Moçambique tem metade dos 190 ME que precisa para chuvas que ameaçam 1,2 milhões

O Governo moçambicano aprovou hoje o plano de contingência para a época chuvosa 2025/2026, que admite poder afetar 1,2 milhões de pessoas, mas tem menos de metade dos 14 mil milhões meticais (190 milhões de euros) necessários.

Green Savers com Lusa

O Governo moçambicano aprovou hoje o plano de contingência para a época chuvosa 2025/2026, que admite poder afetar 1,2 milhões de pessoas, mas tem menos de metade dos 14 mil milhões meticais (190 milhões de euros) necessários.
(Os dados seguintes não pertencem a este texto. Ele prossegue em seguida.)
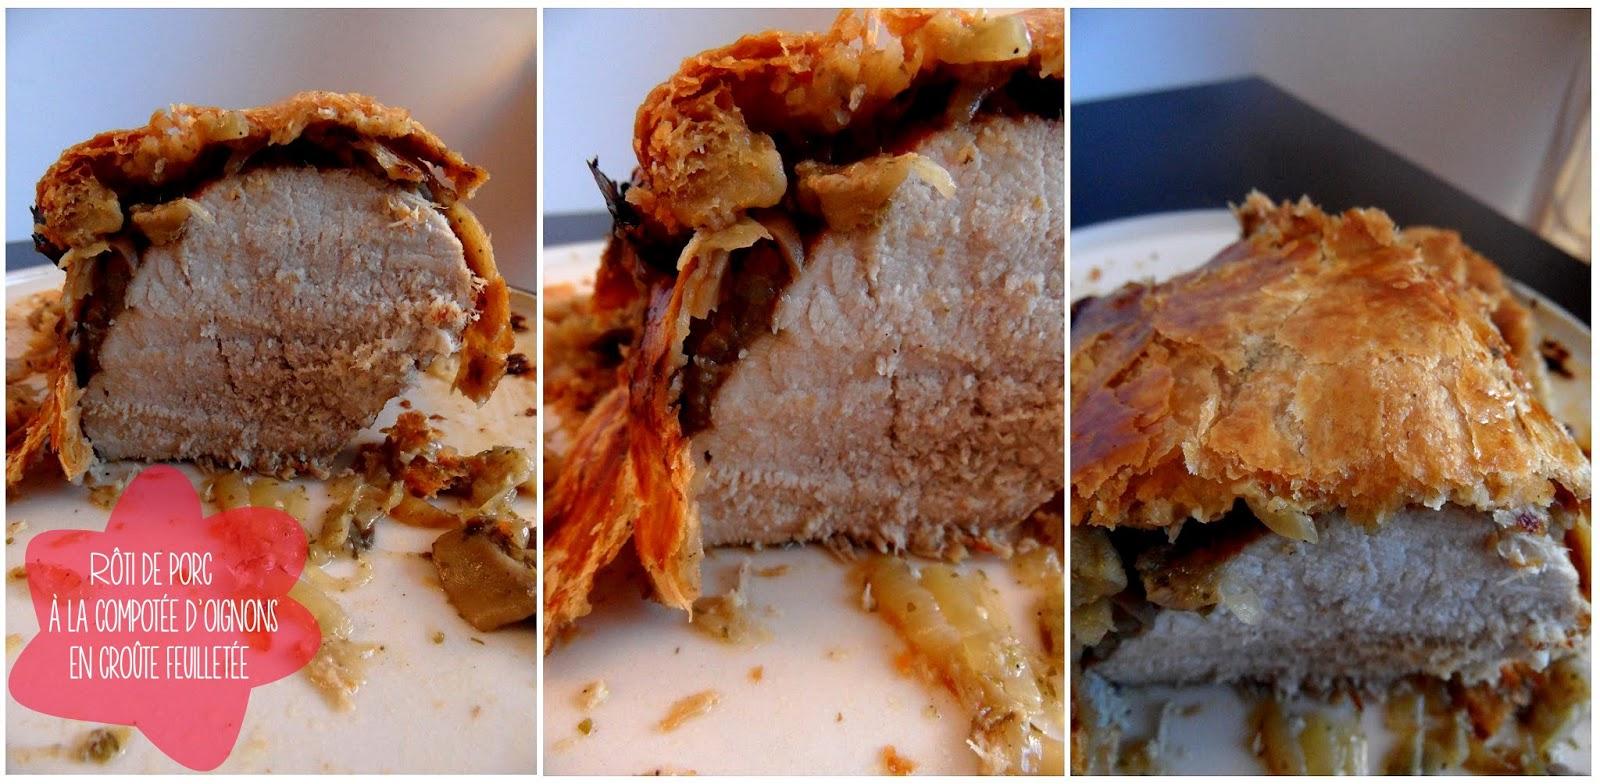 Rôti de porc à la compotée d'oignon en croûte feuilletée et Rösti
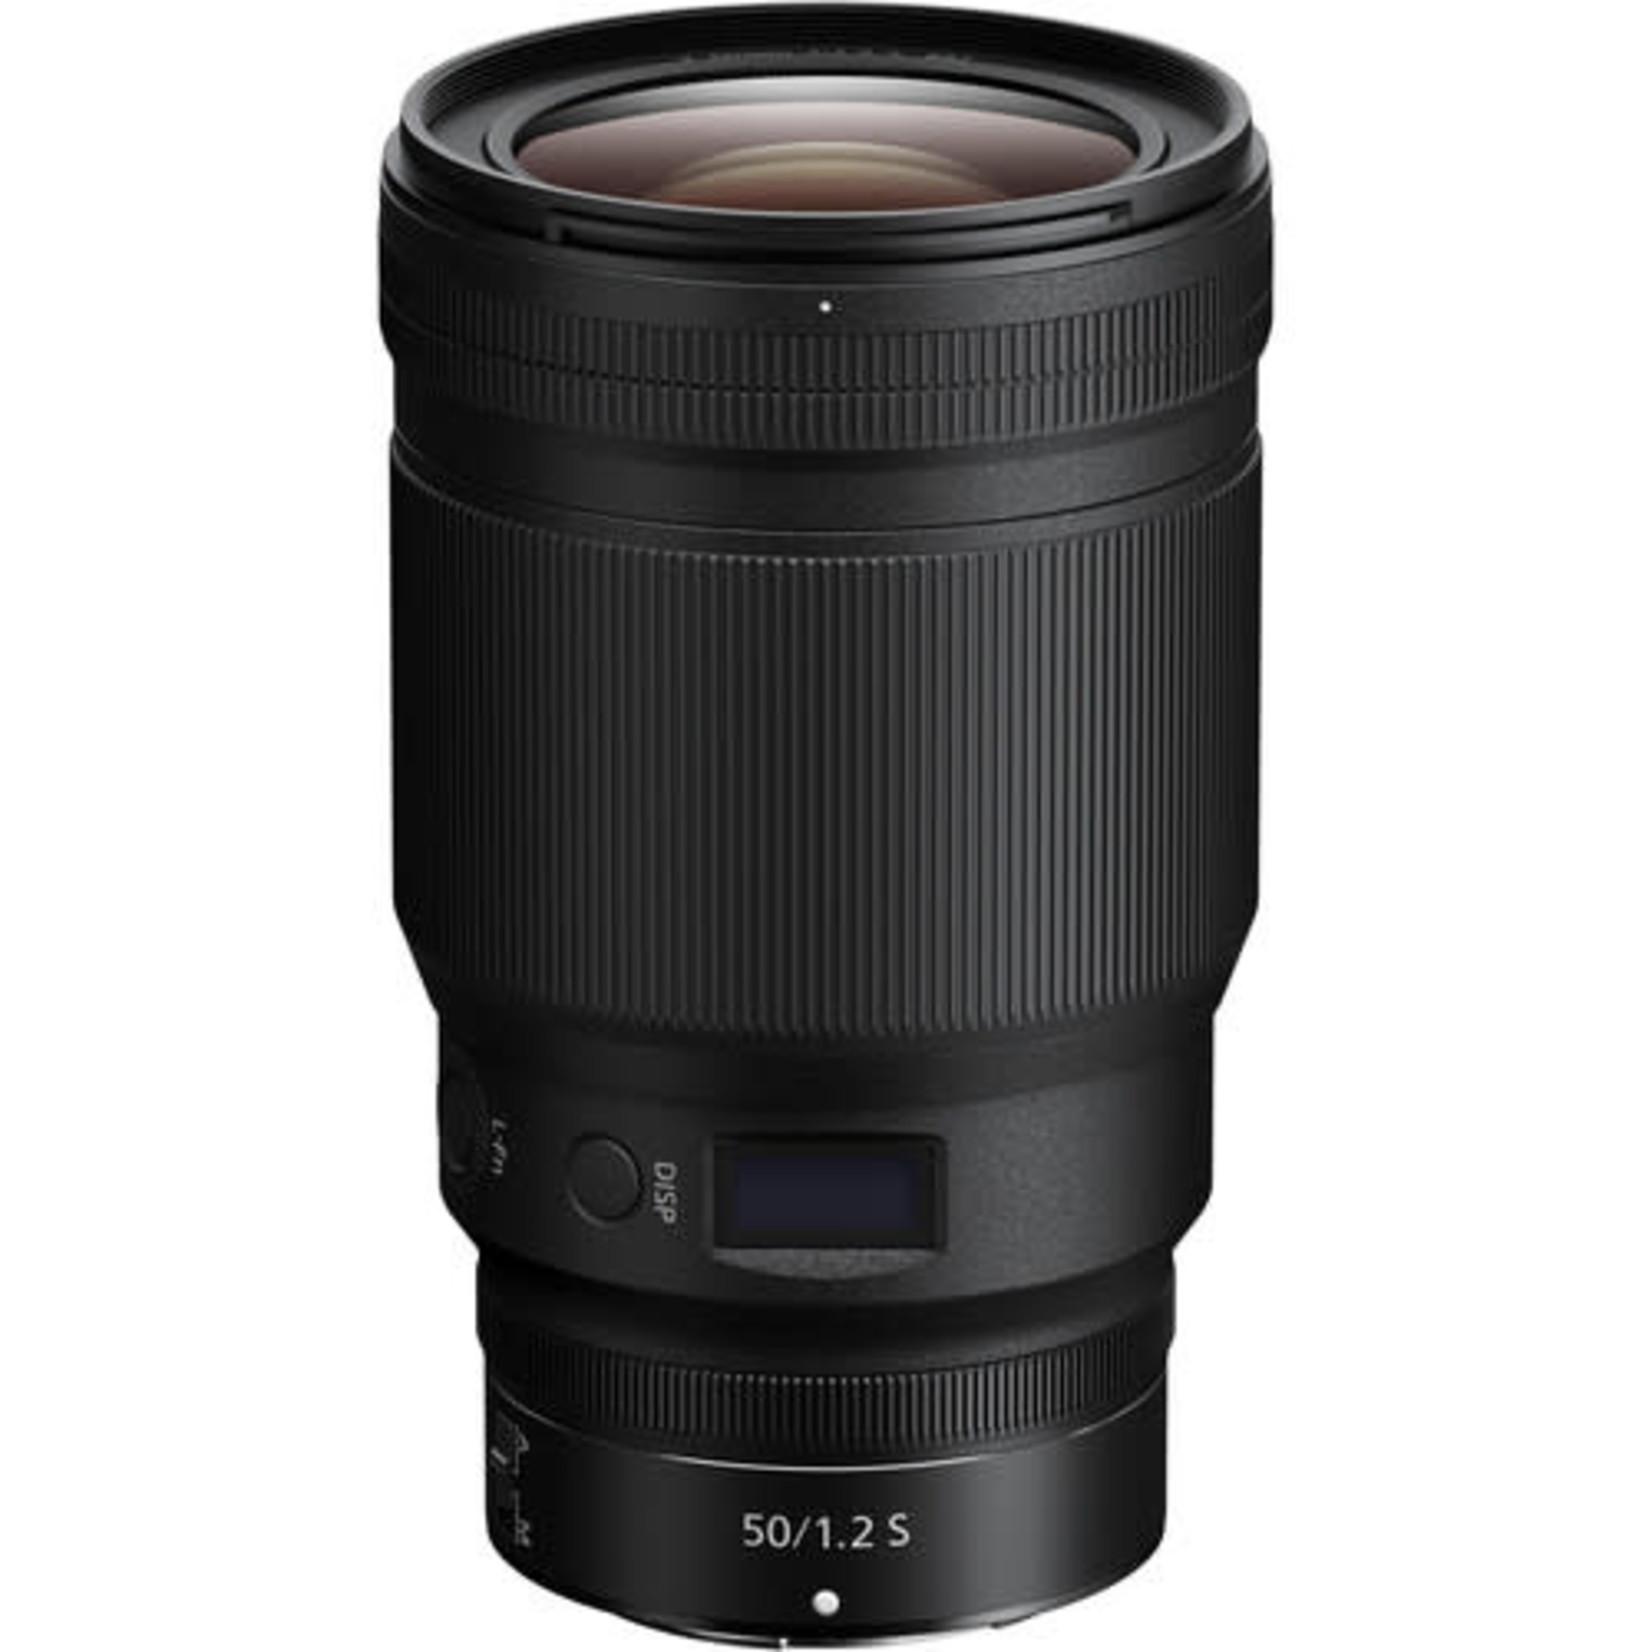 Nikon Nikon NIKKOR Z 50mm f/1.2 S Lens

“Da parte que temos disponível, em termos de capacidade para lidar com isto, estamos a falar de cerca de seis mil milhões de meticais [81,4 milhões de euros], que é uma parte daquilo que foi computado como necessário para este ano, está disponível em meios, em equipamentos e algum dinheiro”, disse o porta-voz do Conselho de Ministros, Inocêncio Impissa.

A época das chuvas em Moçambique começou este mês e prolonga-se até abril, tendo aquele órgão aprovado hoje o plano de contingência, que admite três cenários, podendo afetar de menos de um milhão a quatro milhões de moçambicanos. Contudo, o Governo trabalha como cenário mais realista consequências para cerca de 1,2 milhões de pessoas, na previsão intermédia.

“Feita a análise das previsões climáticas sazonais e a interpretação para a hidrologia, agricultura e saúde, conjugadas com a análise da vulnerabilidade e dos fatores de contenção, o Governo adota um plano de contingência que responda a um cenário de ocorrência de ventos fortes, inundações urbanas, seca, cheias e ciclones”, explicou.

O plano, reconheceu Impissa, em declarações aos jornalistas no final da reunião semanal daquele órgão, tem “um défice de oito mil milhões de medicais [108,6 milhões de euros], que se espera ser reduzido através de outras fontes de financiamento, como sejam o seguro paramétrico, implementação de ações antecipadas à seca, cheias e ciclones, e doações em espécie ou em numerário”.

Insistiu que “boa parte da resposta” no âmbito dos desastres naturais “tem estado no comportamento” da população, juntamente com a atual “boa capacidade” do país para fazer previsões, “resultado dos investimentos na área da meteorologia”.

“E a política alterou. Para nós agora é investir na recuperação e não propriamente nos desastres. Nos desastres, o que vamos fazer é conseguir gerir o risco, mas queremos investir mais no restabelecimento das pessoas e no restabelecimento das condições para as pessoas poderem ser mais resistentes e resilientes às questões de risco”, concluiu Impissa.

Em 12 de setembro, as autoridades moçambicanas alertaram para cheias de “grande magnitude” no país e inundações em pelo menos quatro milhões de hectares agrícolas durante a próxima época das chuvas, que se iniciou em outubro, em Moçambique.

Moçambique é considerado um dos países mais severamente afetados pelas alterações climáticas, enfrentando ciclicamente cheias e ciclones tropicais durante a época chuvosa, que decorre anualmente entre outubro e abril.

Só entre dezembro e março passados, na última época das chuvas, Moçambique foi atingido por três ciclones, incluindo o Chido, o primeiro e mais grave, no final de 2024, com registo de quase 200 mortos.

O número de ciclones que atingem o país “vem aumentando na última década”, assim como a intensidade dos ventos, alerta-se no relatório do Estado do Clima em Moçambique 2024, do Instituto de Meteorologia de Moçambique, divulgado em março.

Os fenómenos meteorológicos extremos provocaram pelo menos 1.016 mortos em Moçambique, entre 2019 e 2023, afetando cerca de 4,9 milhões de pessoas, segundo dados do Instituto Nacional de Estatística.